Hey guys. It's a new one-shot that I came up with listening to the song "Early Frost" by Youngstown. I would recommend you to search the song and find a way for you to listen to it because just seeing the lyrics wouldn't really give you the emotion. I was going to make this into a whole story but I already have three stories going and I didn't have that much planned for this except it being a one-shot but now it's going to be a two-shot. So I hope you enjoy.
Remember Me
"I'll call you when I get home."
Those were the last words that I heard from her. The girl, I spent my whole summer with. The girl, I fell in love with. She promised she would call when she got home to New York but she never did. I have been waiting for the past two months for her to call. I was in love with this girl, from the first moment I bumped into her on the beach.
I just got done unpacking my bags in my summer house where I will be spending the whole summer. This was my first time alone at my own summer house in Malibu, California. Right now, I'm walking along the beach since I had nothing better to do at the moment. As I was walking, I didn't notice a girl who was looking out in the ocean was in front of me until I accidently ran into her and knocked the girl over which made my eyes widened.

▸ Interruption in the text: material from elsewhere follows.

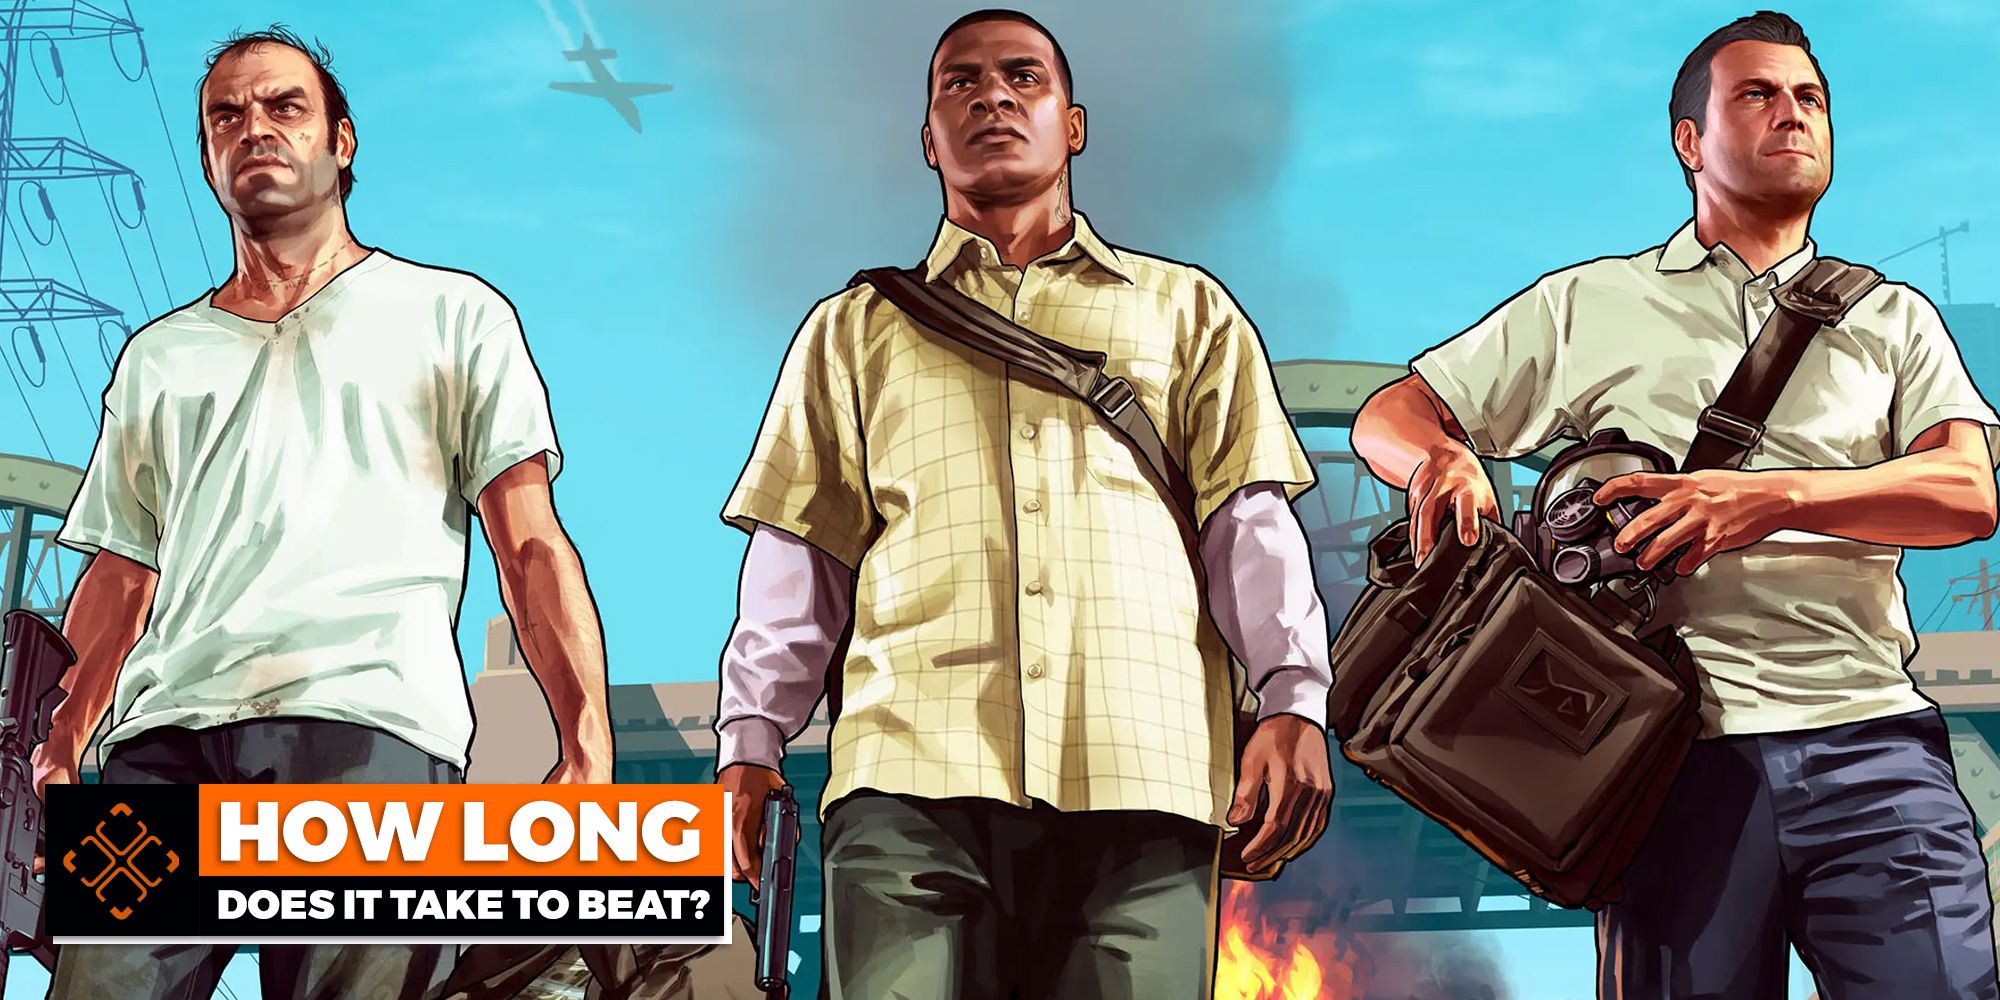 Game art from Grand Theft Auto 5.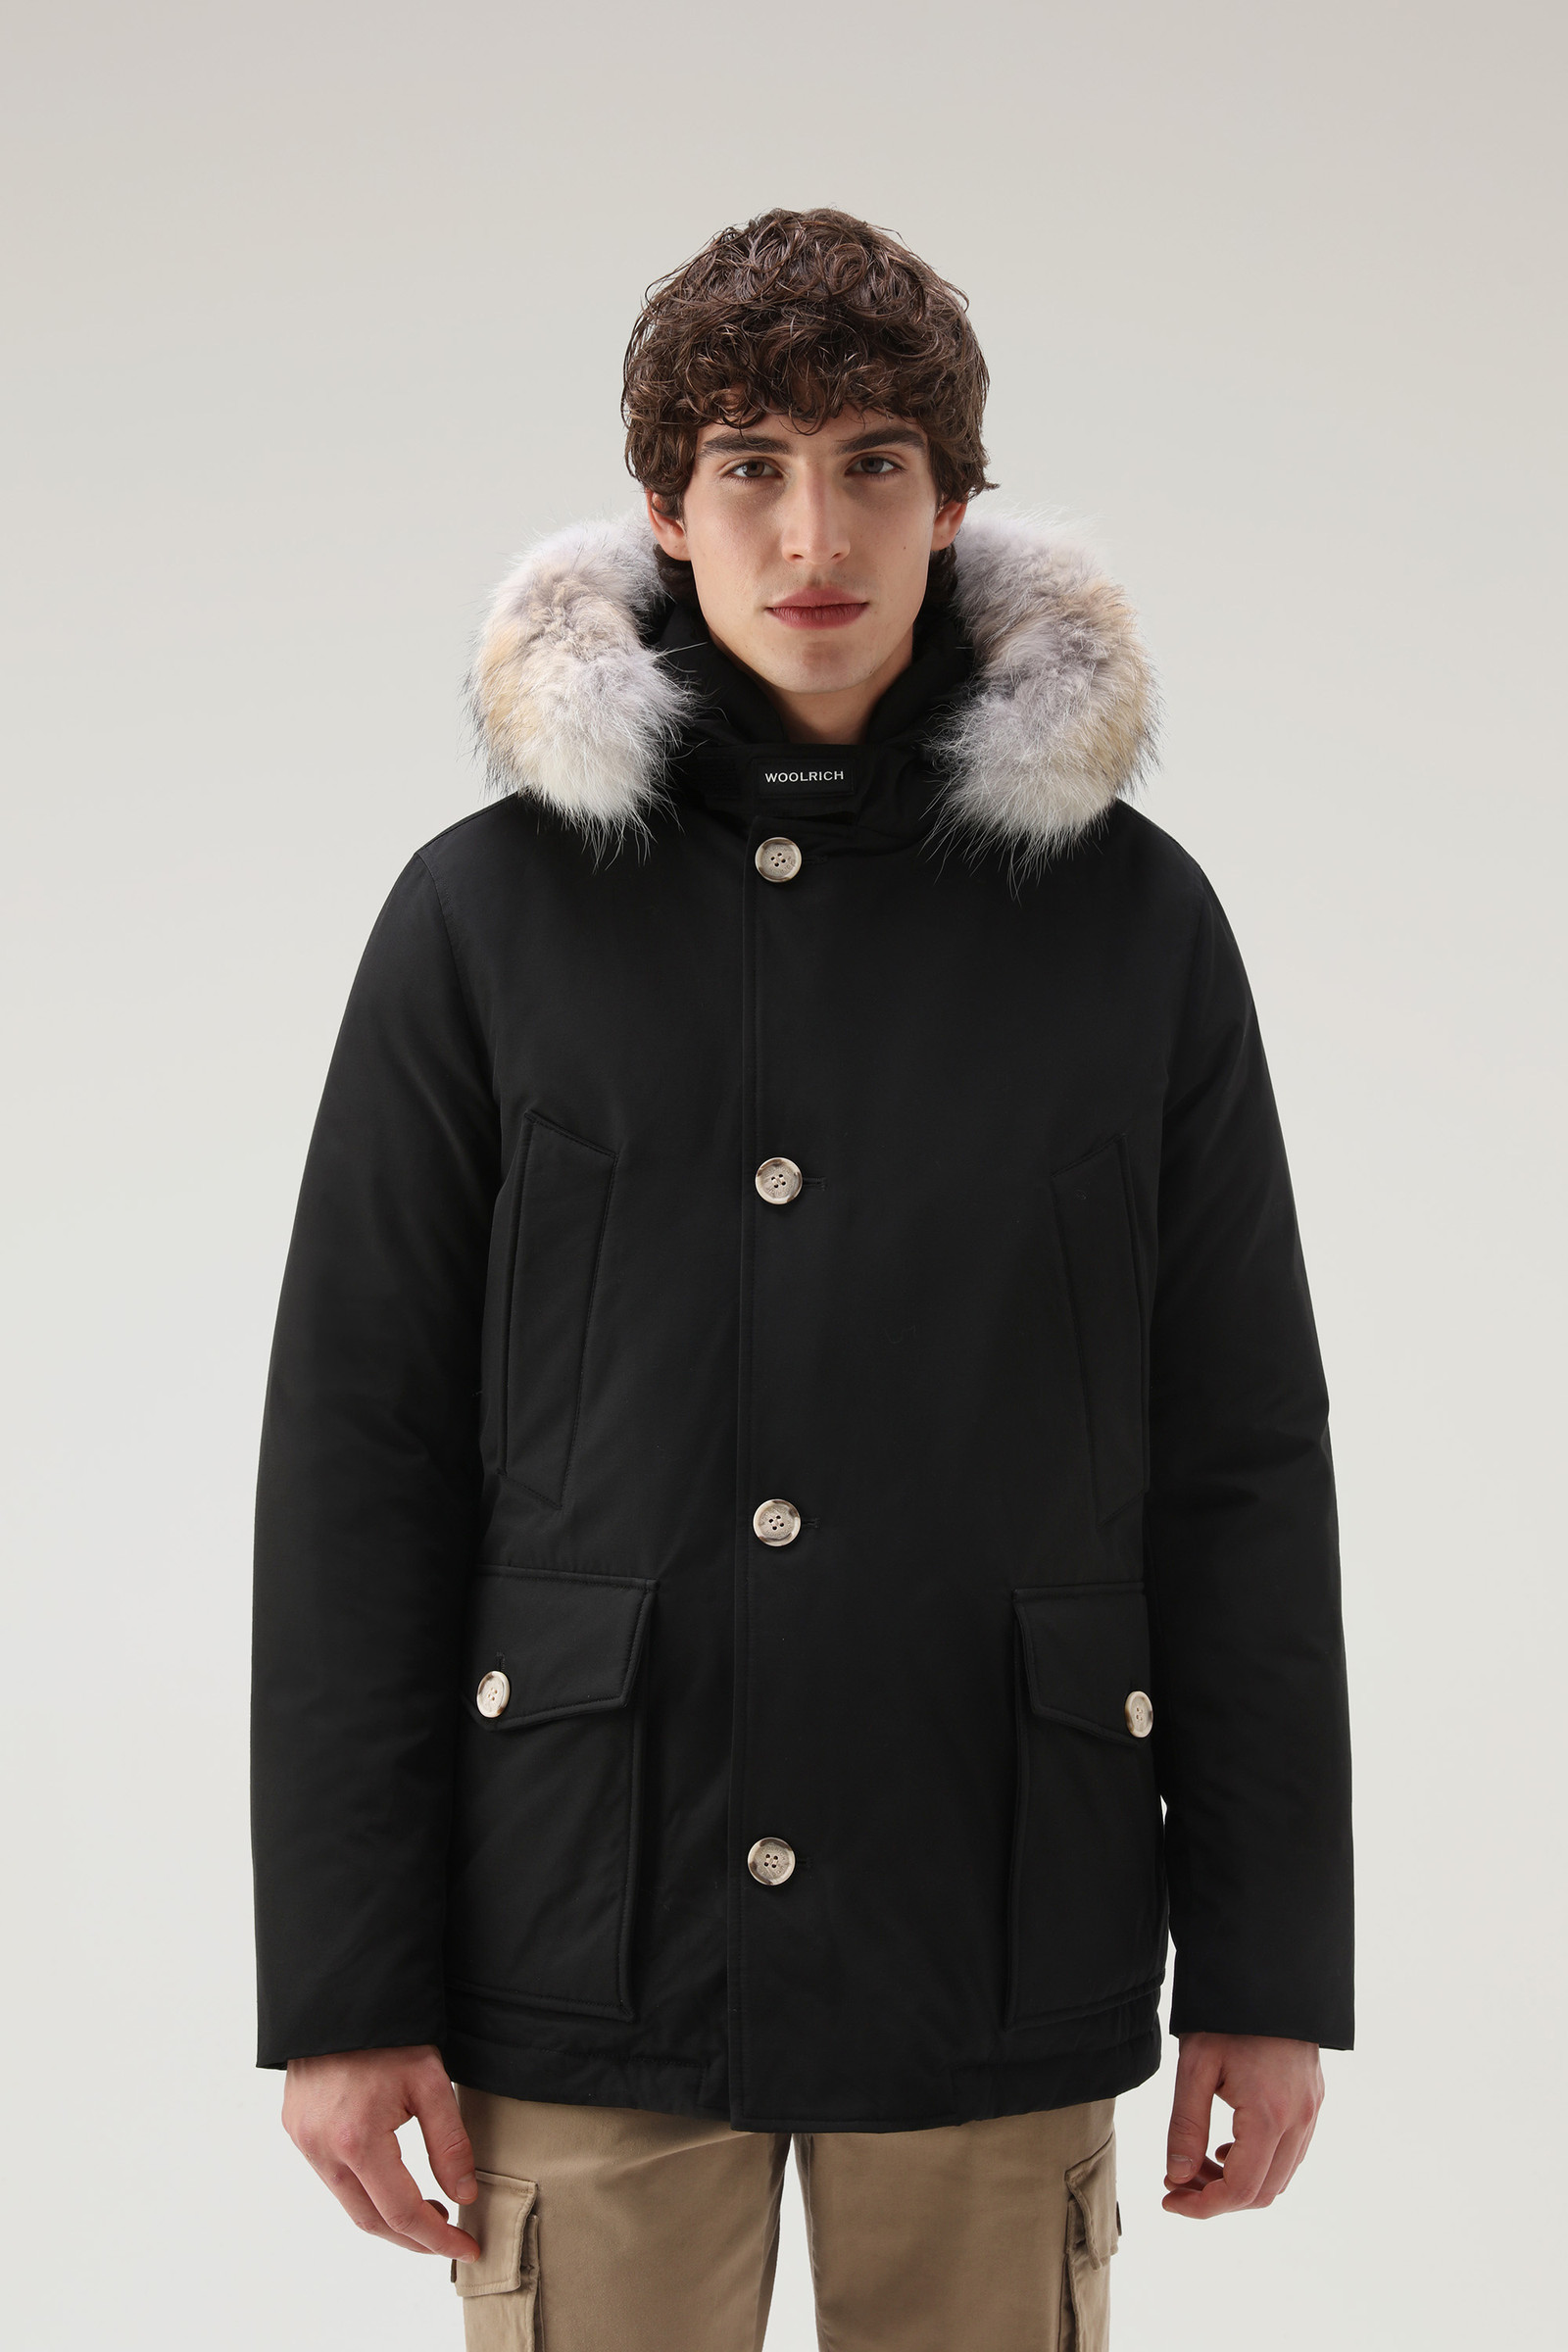 Men's Arctic Anorak in Ramar Cloth with Detachable Fur Black | Woolrich USA

"Oh my god, I'm so sorry," I bent down to help the girl up, "I wasn't watching where I was going."
The girl just gave me a smile as she dusted the sand off of her pants, "Don't worry about it. I should have not stood in the middle of the area where people jog or in your case, walk."
I just chuckled and put my hand out, "I'm Troy…Troy Bolton."
"Gabriella Montez," she gave me another smile as she shook my hand, "it's nice to meet you."
"Nice to meet you as well," I gave her a smile as I took my hand back.
That was all it took for my summer romance to start with Gabriella Montez. I knew summer romances don't usually last past the summer but I hoped this one would have. She was different than most girls out there, especially the ones in California. I should know, I used to have a few girlfriends back in high school.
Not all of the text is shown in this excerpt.